● ABOUT THIS TASK
Print all of the data exactly, but drop the pictures.
=== STORED DATA ===
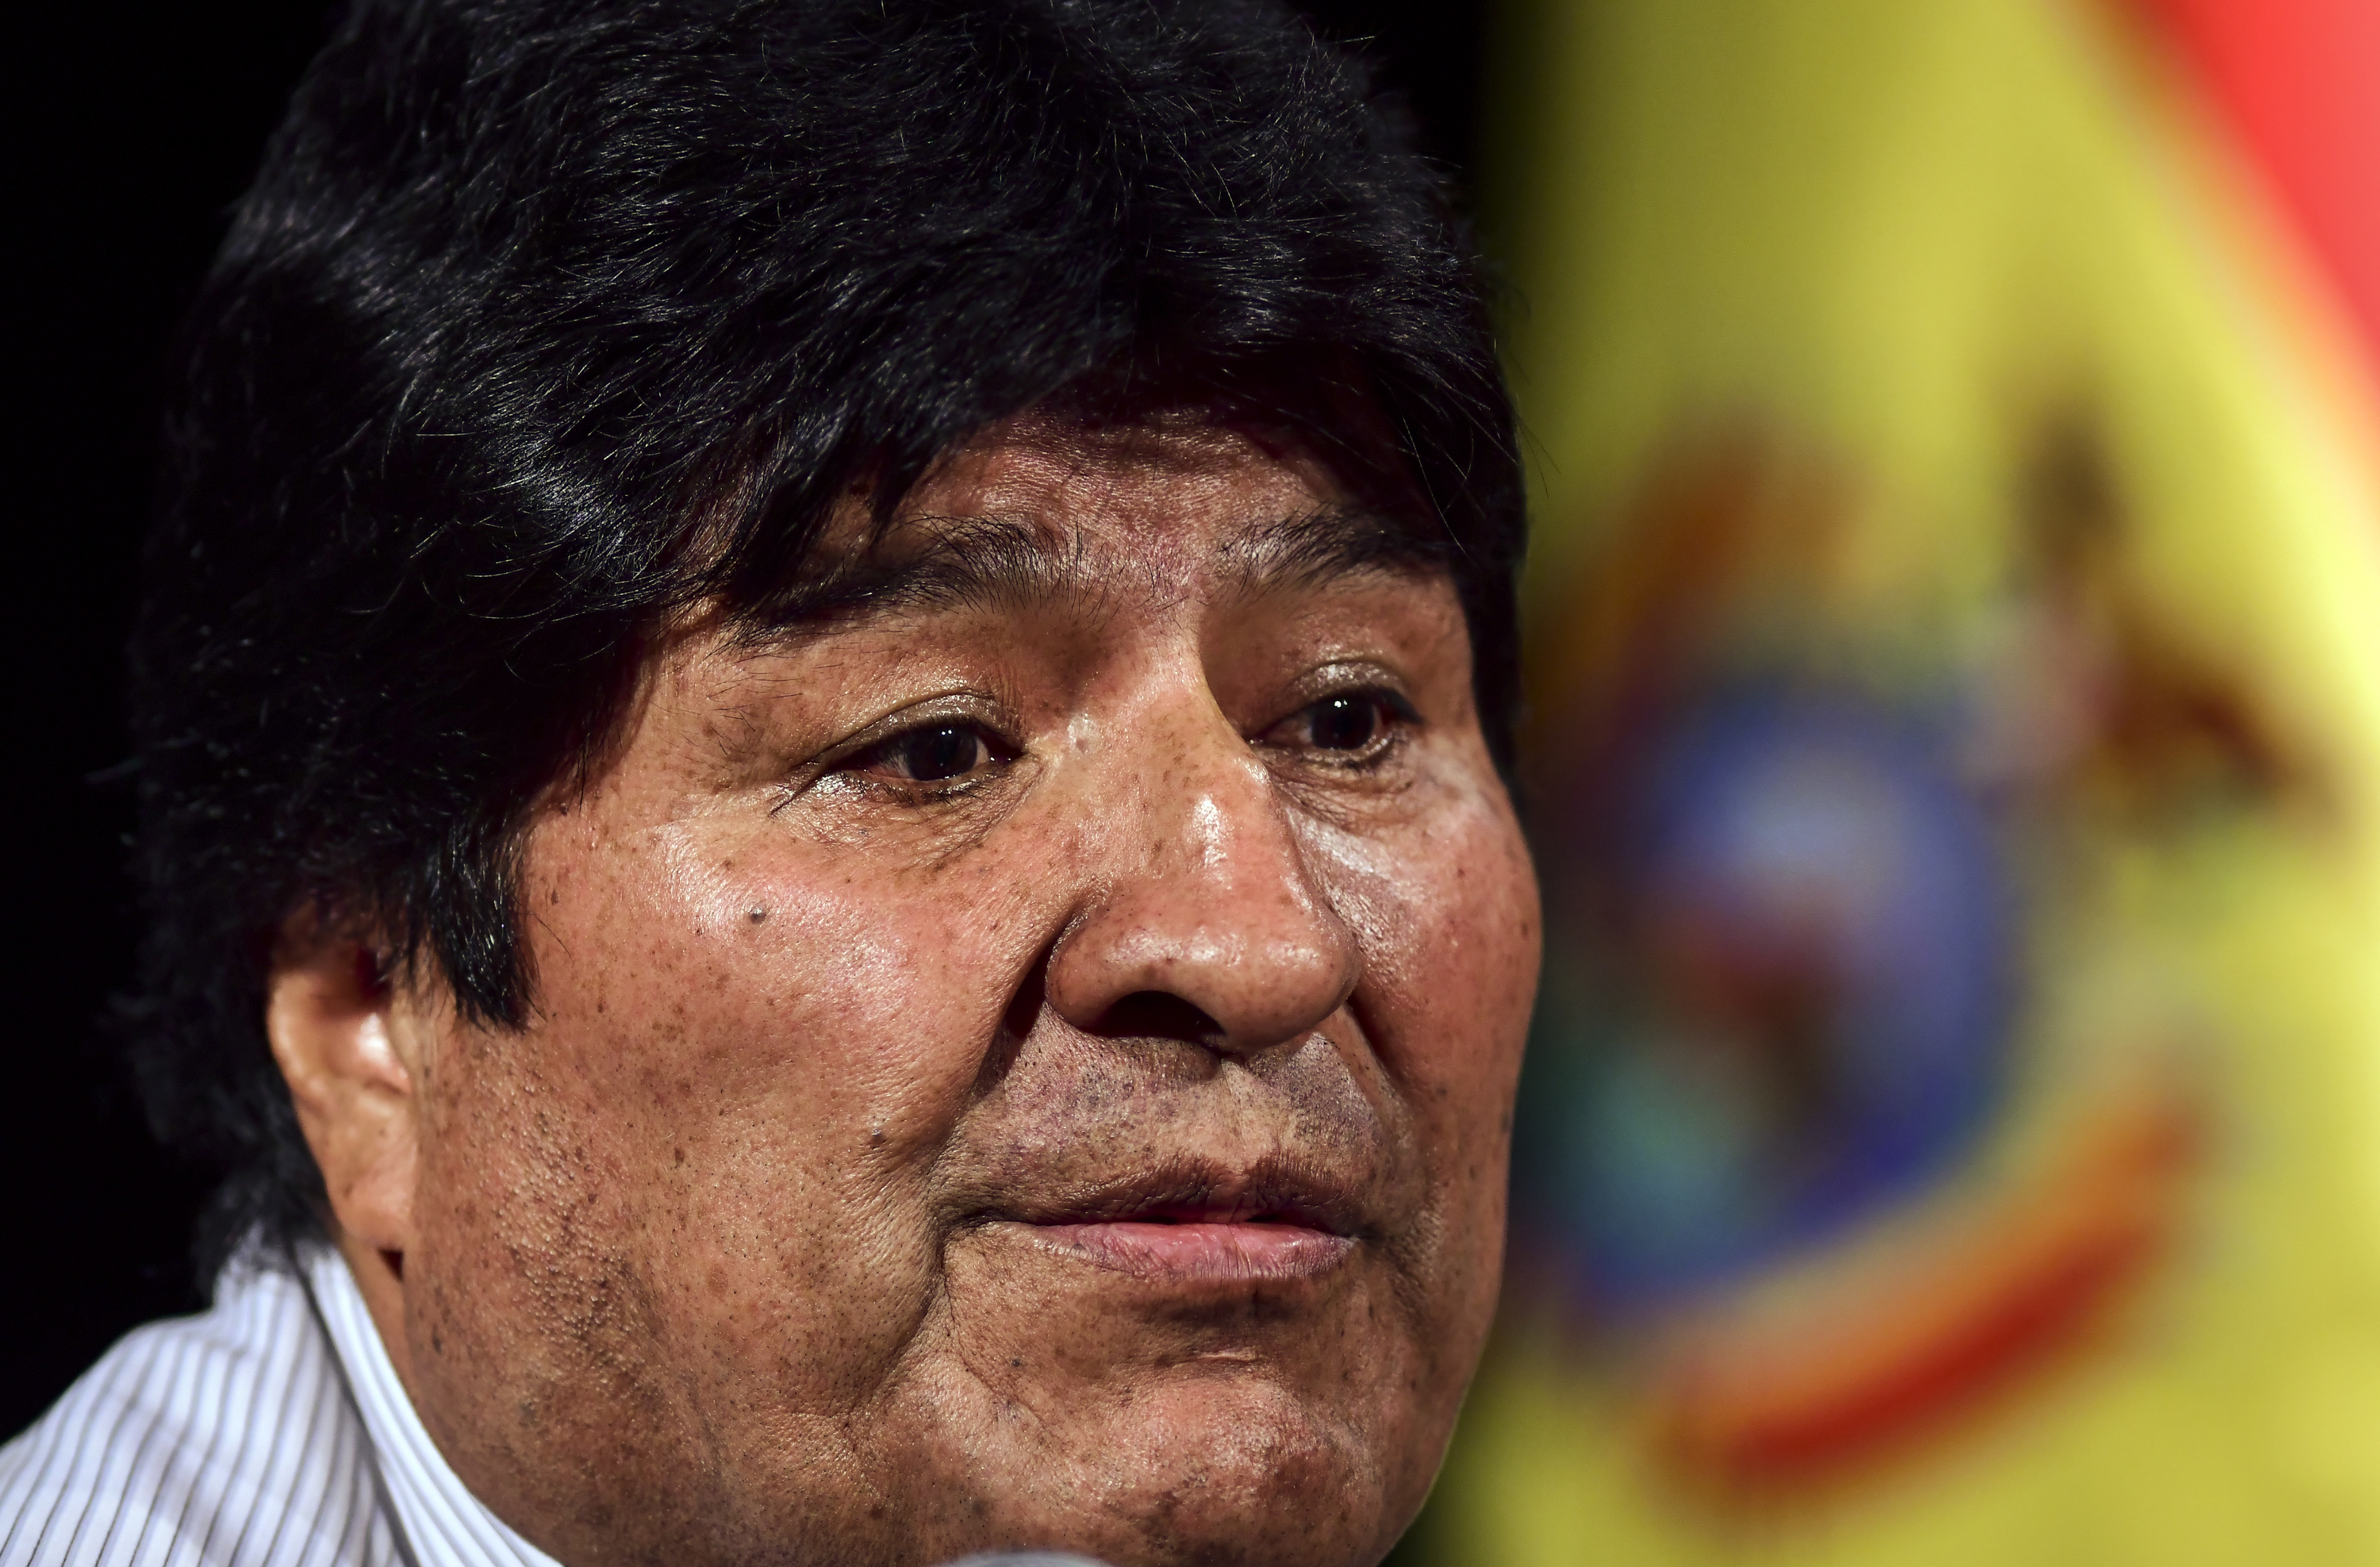 Gobierno boliviano denunció a Evo Morales tras acusaciones de pedofilia y trata de personas
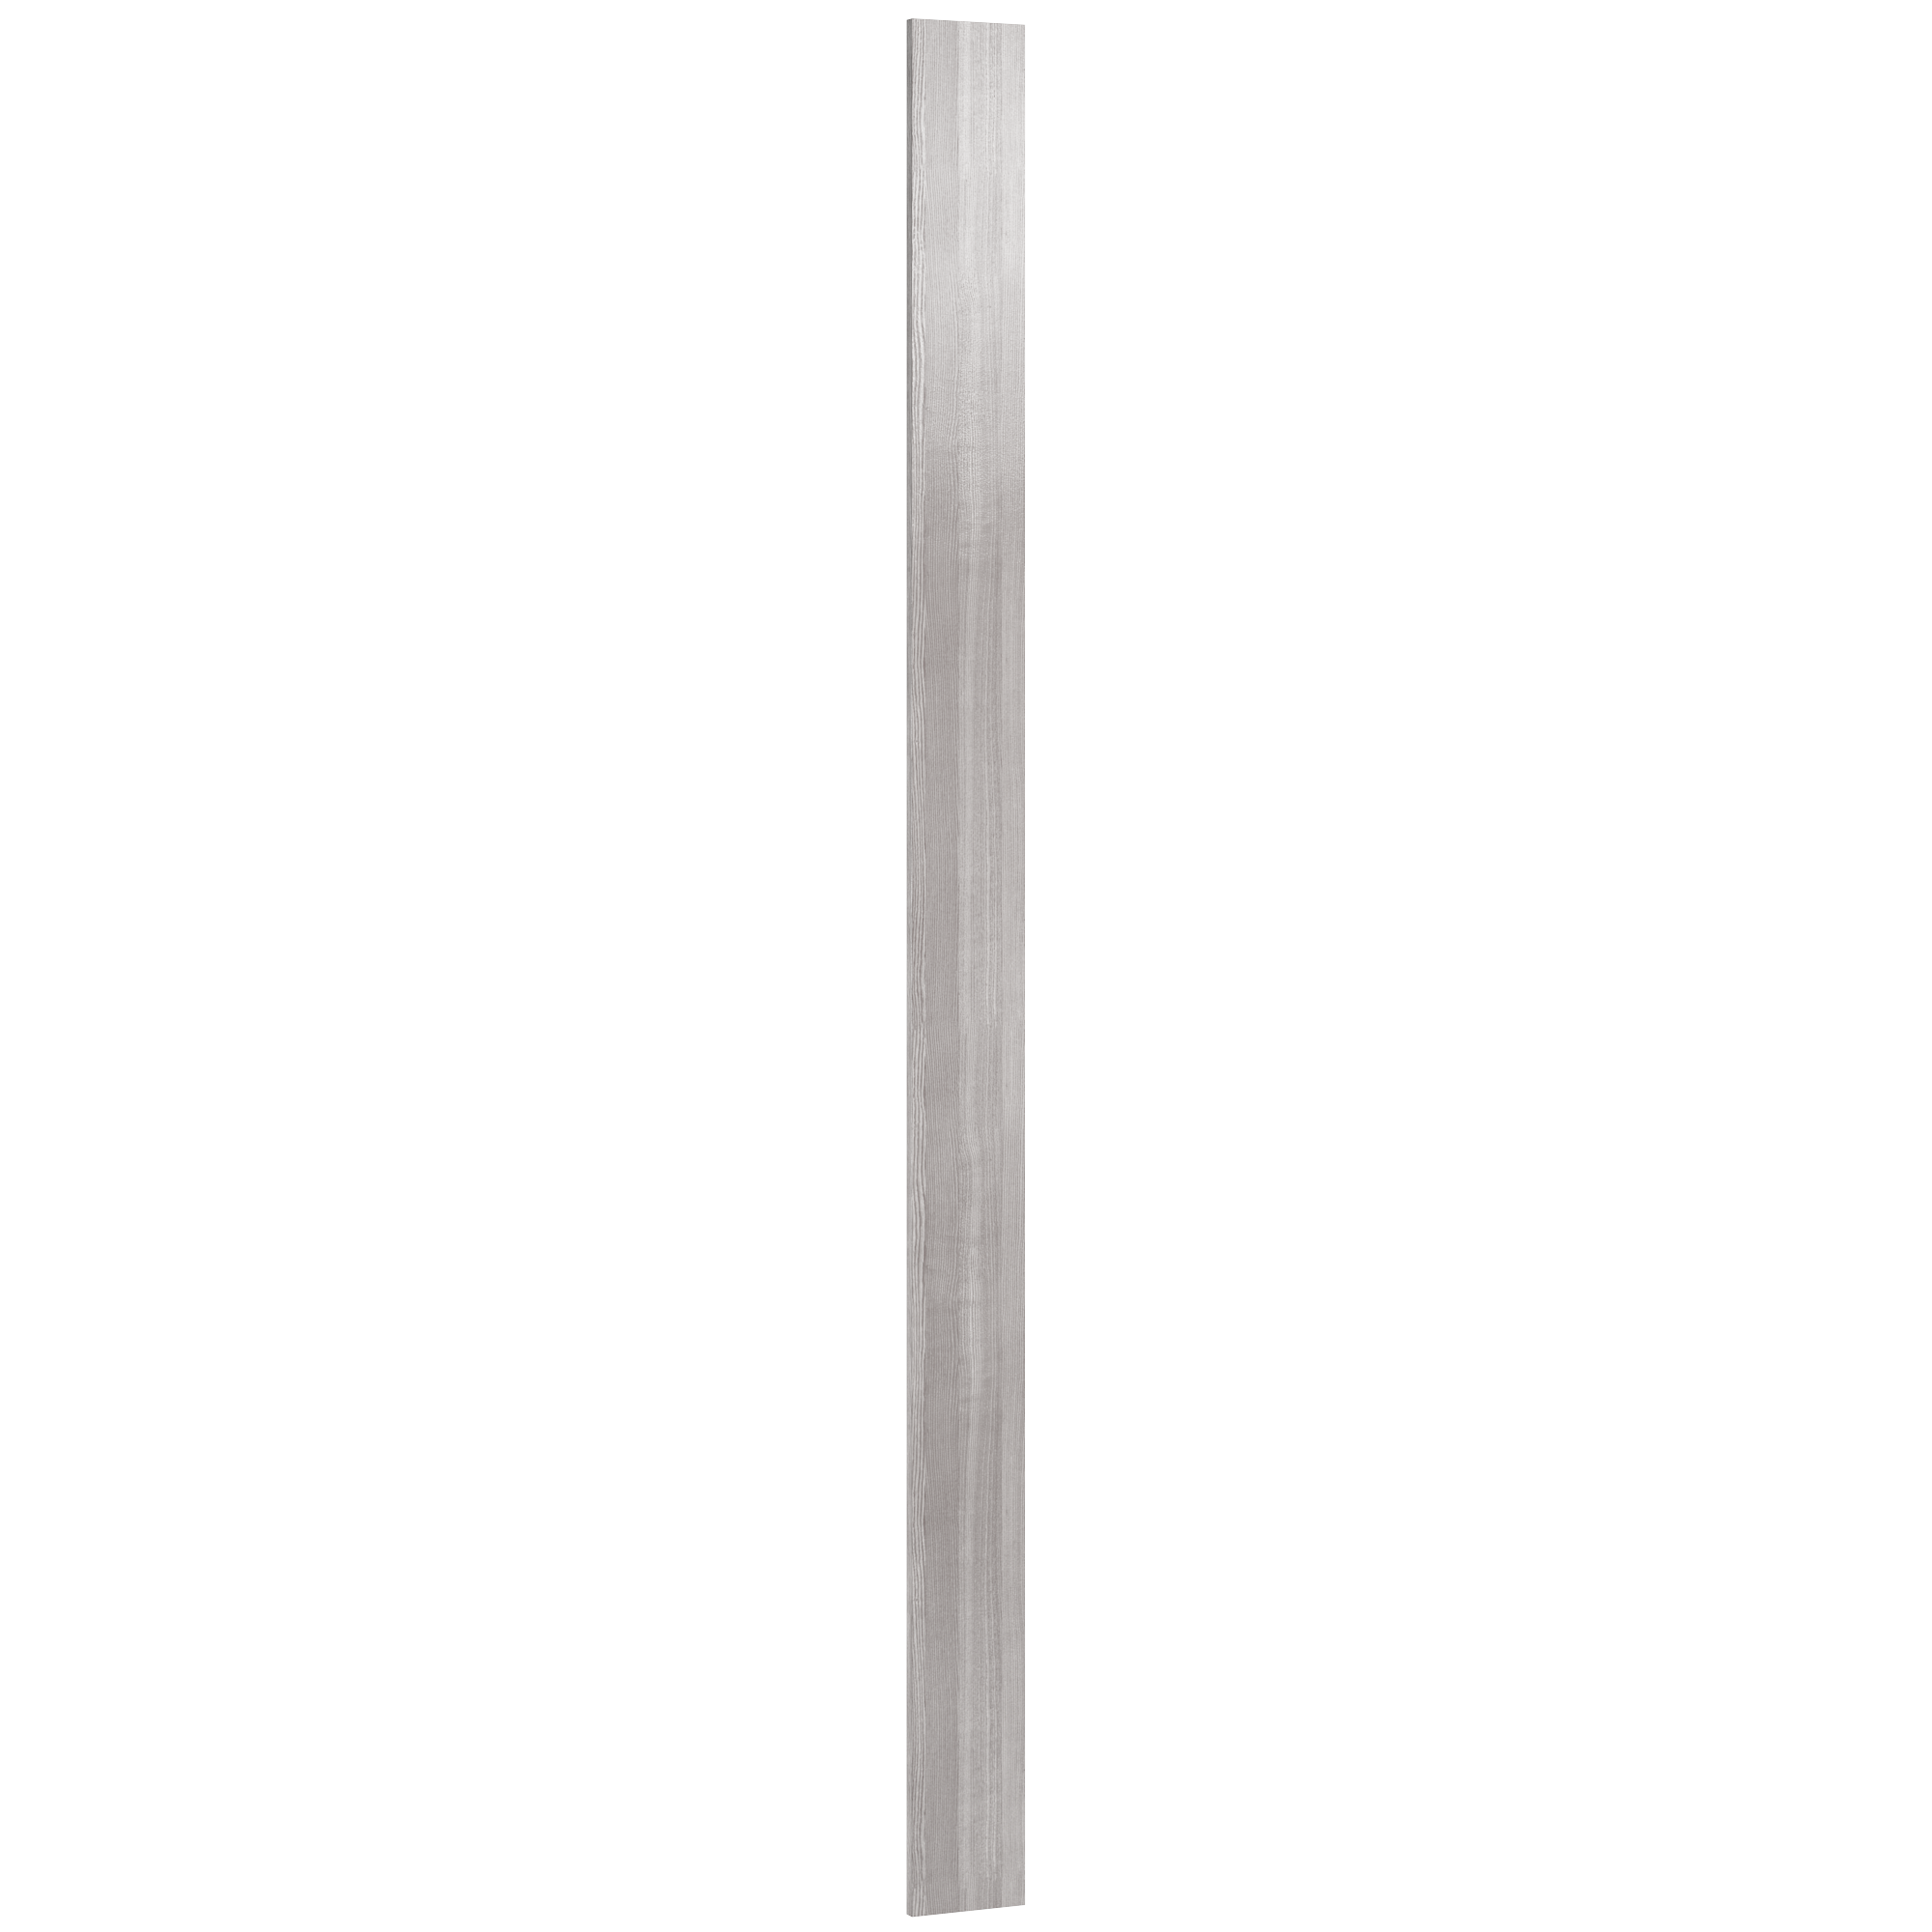 Porte colonne largeur 15 cm - STORM 0
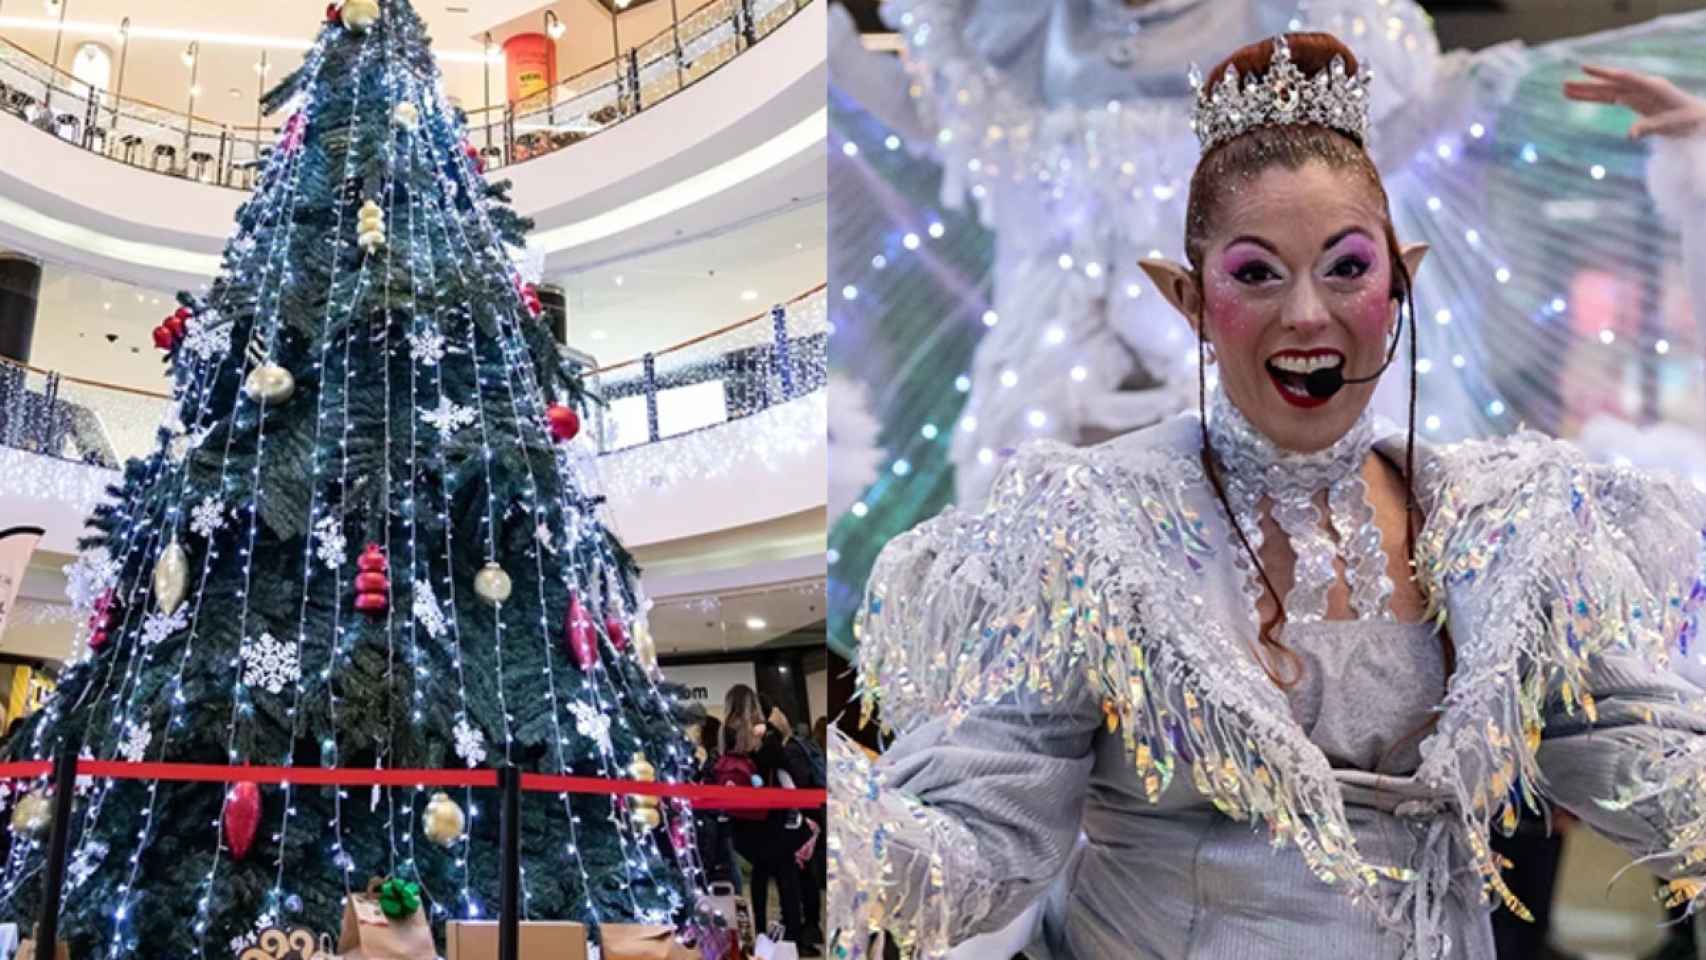 El centro comercial La Farga se convierte en una ‘fábrica de ilusiones’ por Navidad
===
● EXERCISE OUTPUT
 Gobierno boliviano denunció a Evo Morales tras acusaciones de pedofilia y trata de personas
 Porte colonne largeur 15 cm - STORM 0
 El centro comercial La Farga se convierte en una ‘fábrica de ilusiones’ por Navidad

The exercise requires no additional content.